═══ Records shown
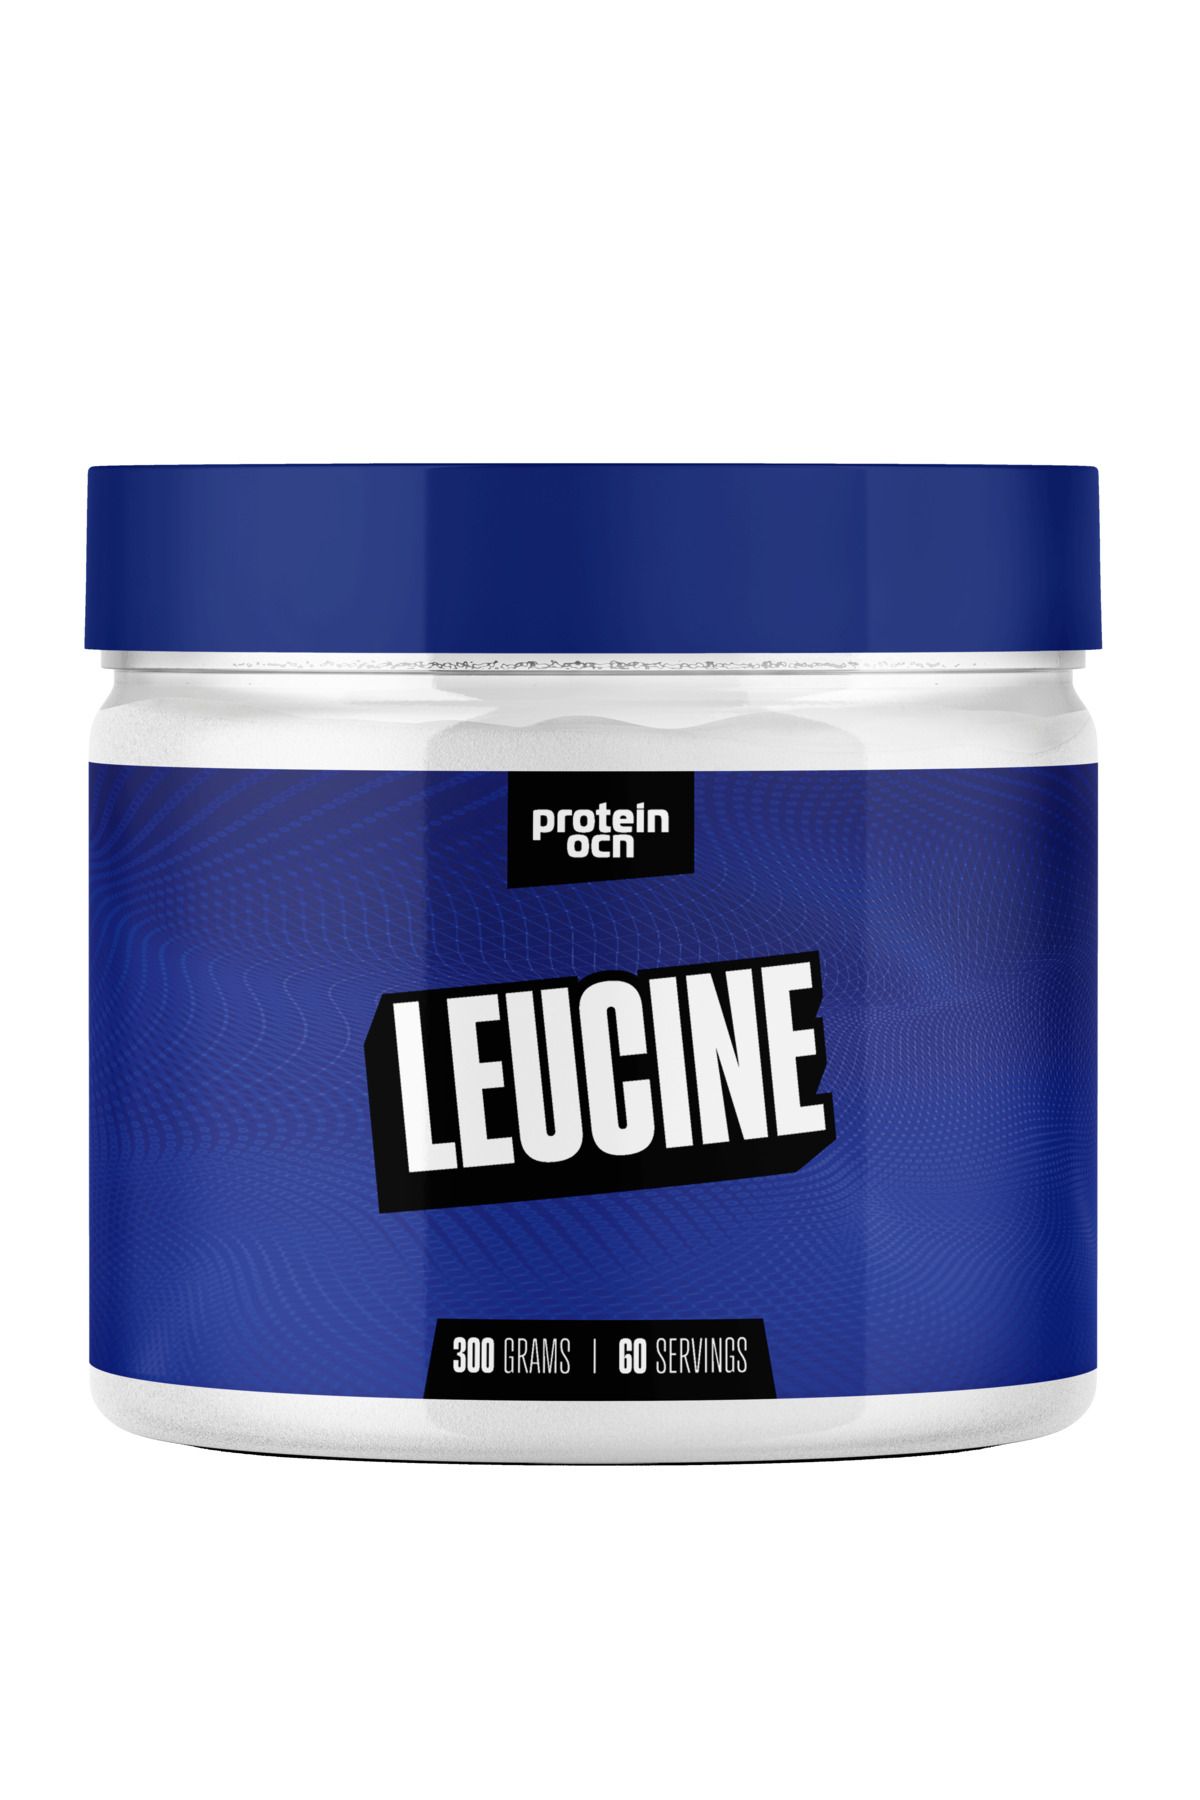 Proteinocean Leucine 300g - 60 Servis
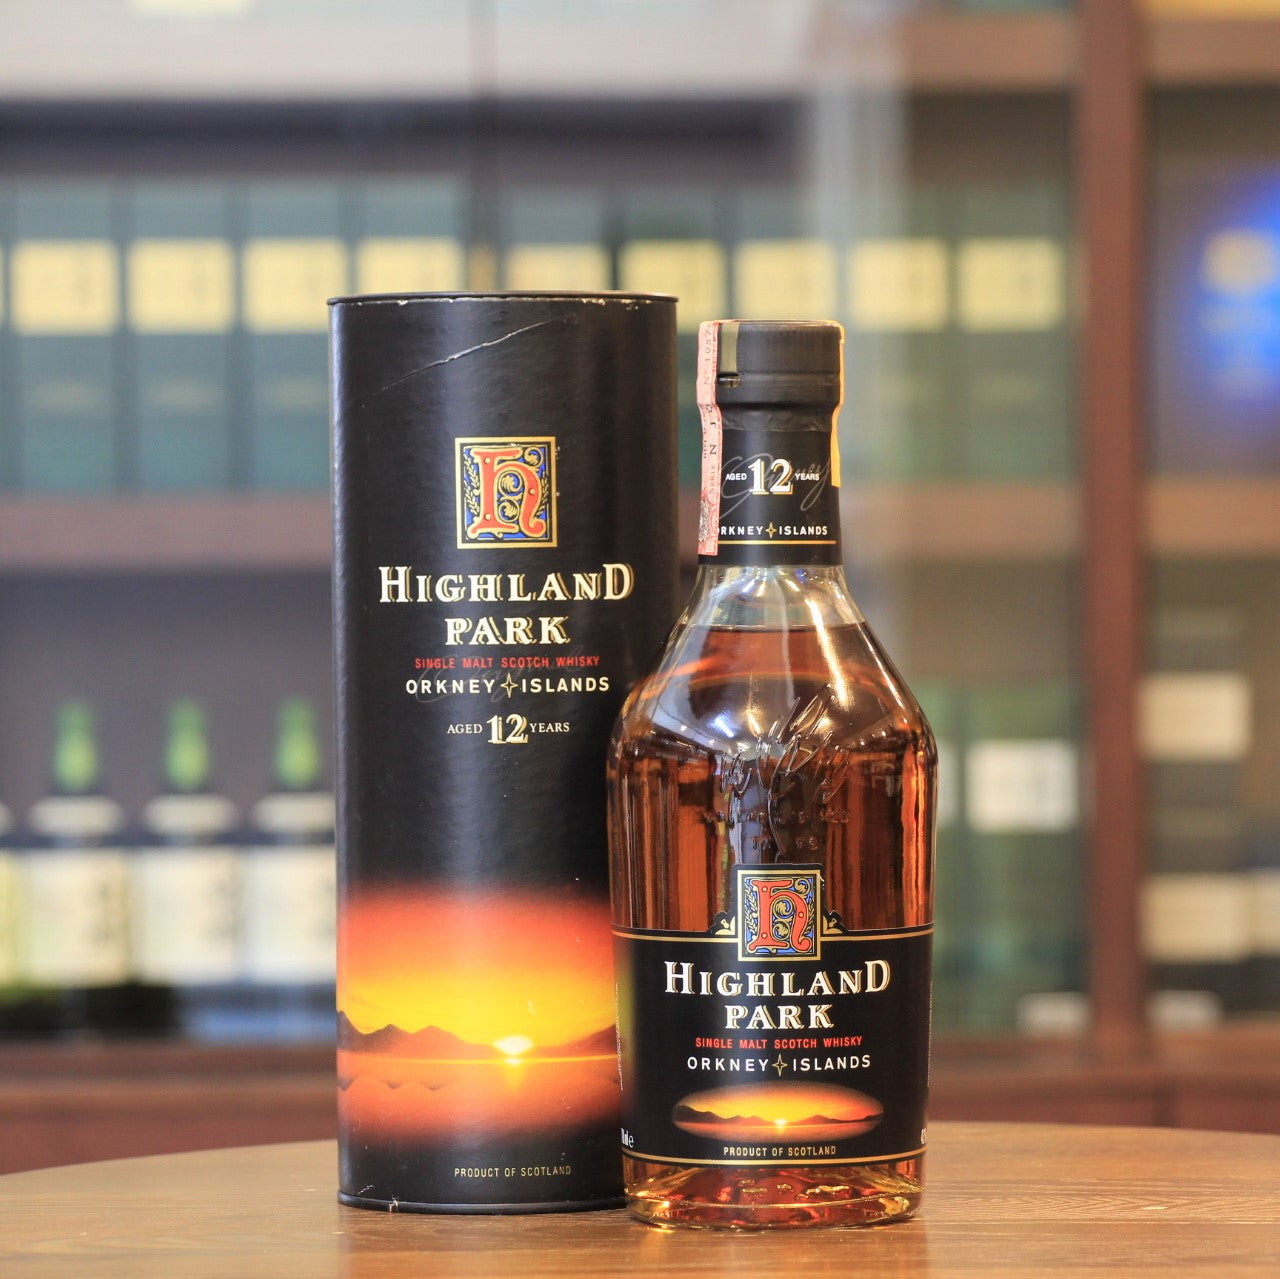 Highland Park 25 Years Old Single Malt Scotch Whisky (1990s Dumpy Bott
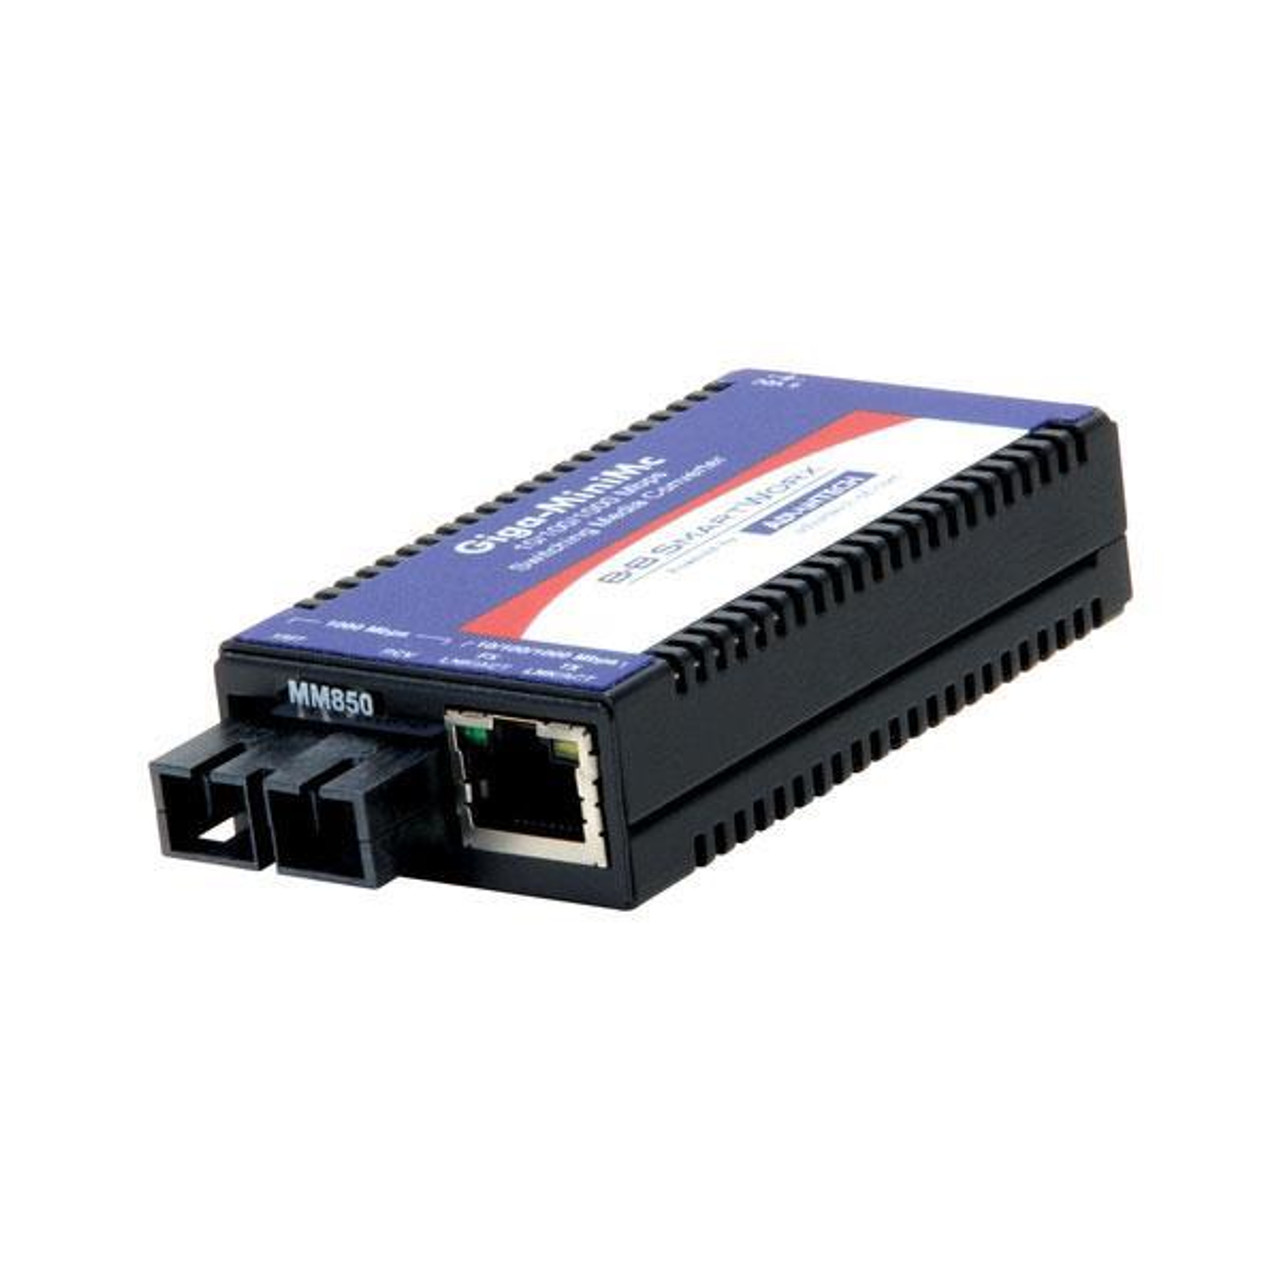 Advantech 10/100/1000Mbps Miniature 1x Network RJ-45 1x SC Ports DuplexSC Port Gigabit Ethernet 10/100/1000Base-TX 1000Base-SSLX DIN Rail Mountable
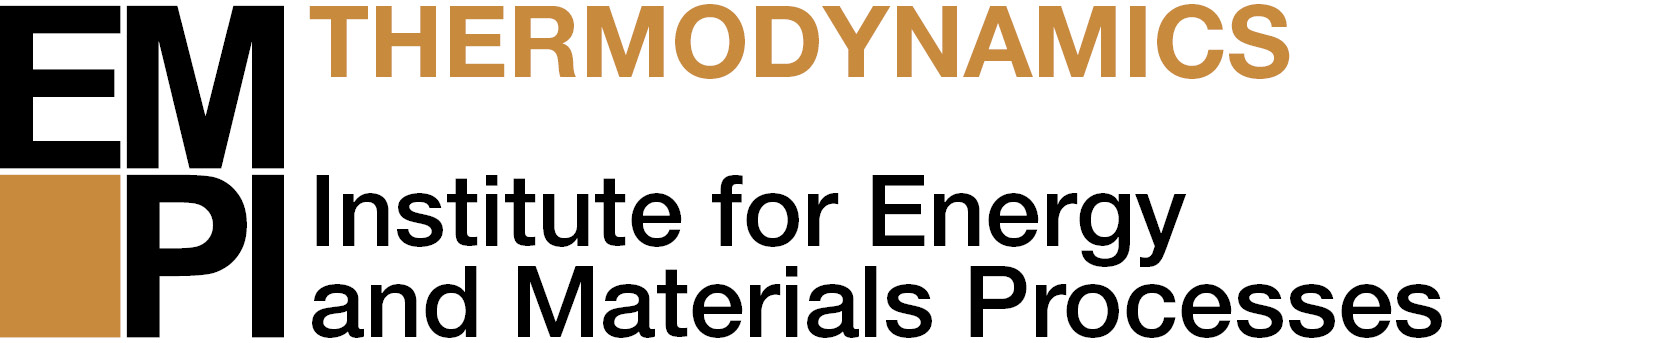 Logo EMPI Thermodynamics
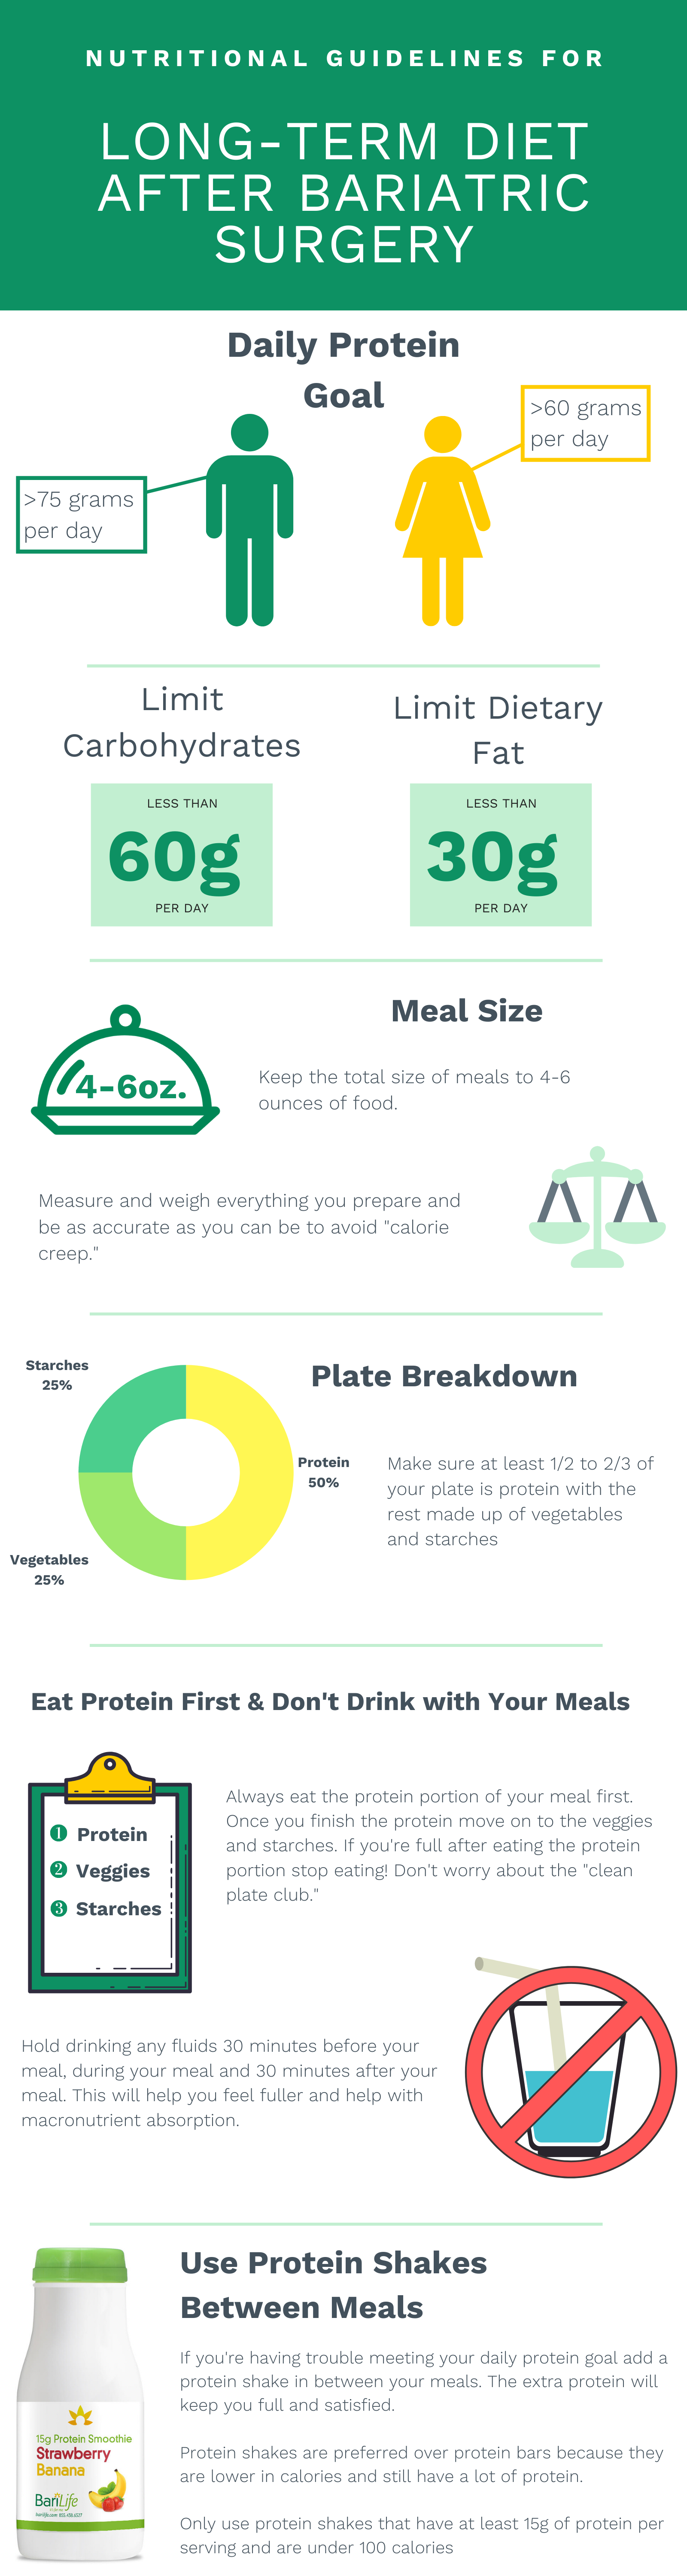 https://www.barilife.com/wp-content/uploads/2019/10/Long-Term-Diet-Infographic-1.png
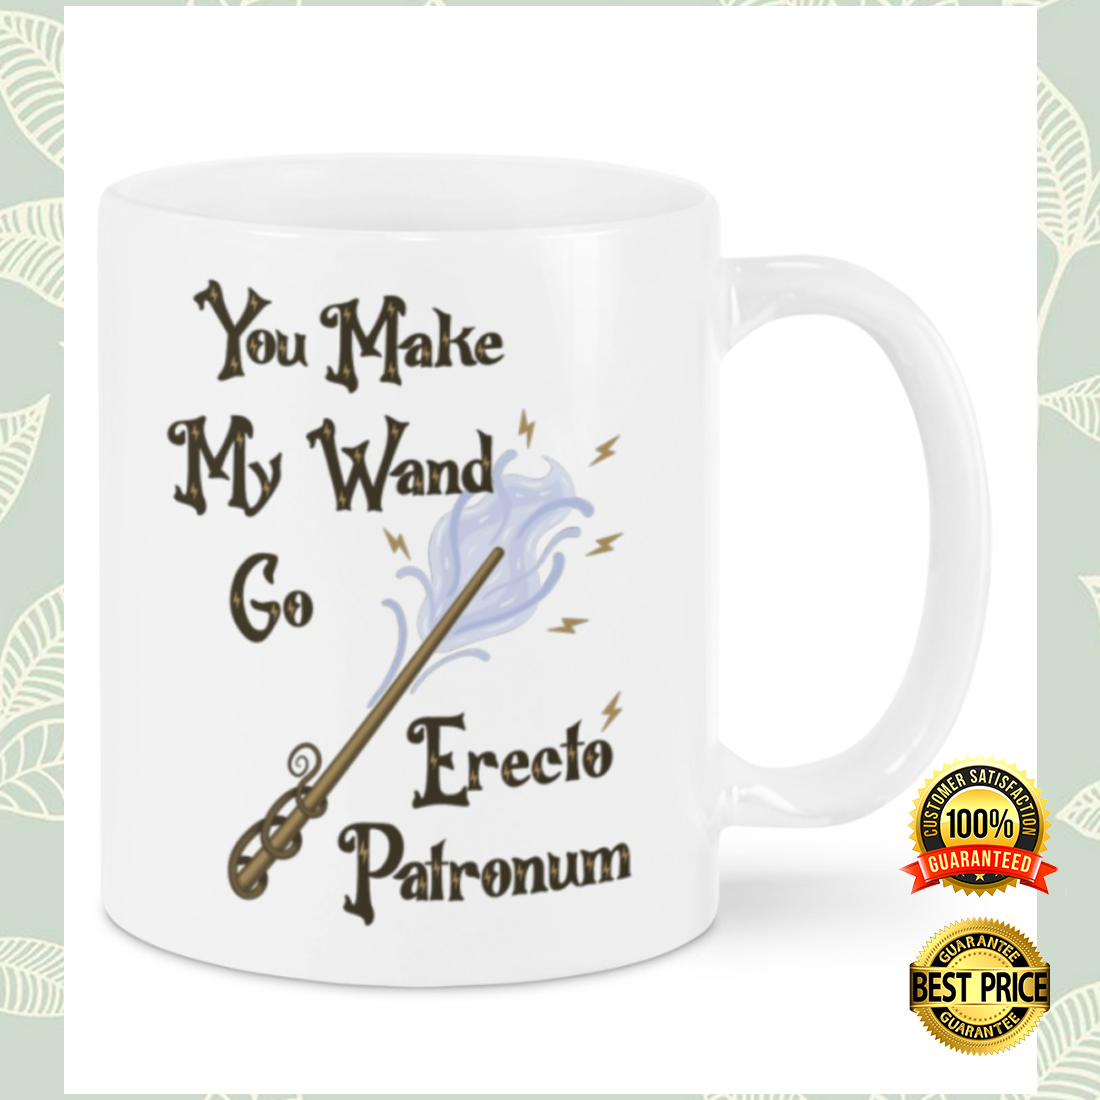 You Make My Wand Go Erecto Patronum Mug
══════
What you are asked to do: Copy exactly, and copy nothing else: the lines from the one containing "Logo EMPI Thermodynamics" through the end of the data, both ends included, with pictures left out.

Solution to this exercise:
 Logo EMPI Thermodynamics
 https://www.barilife.com/wp-content/uploads/2019/10/Long-Term-Diet-Infographic-1.png
 You Make My Wand Go Erecto Patronum Mug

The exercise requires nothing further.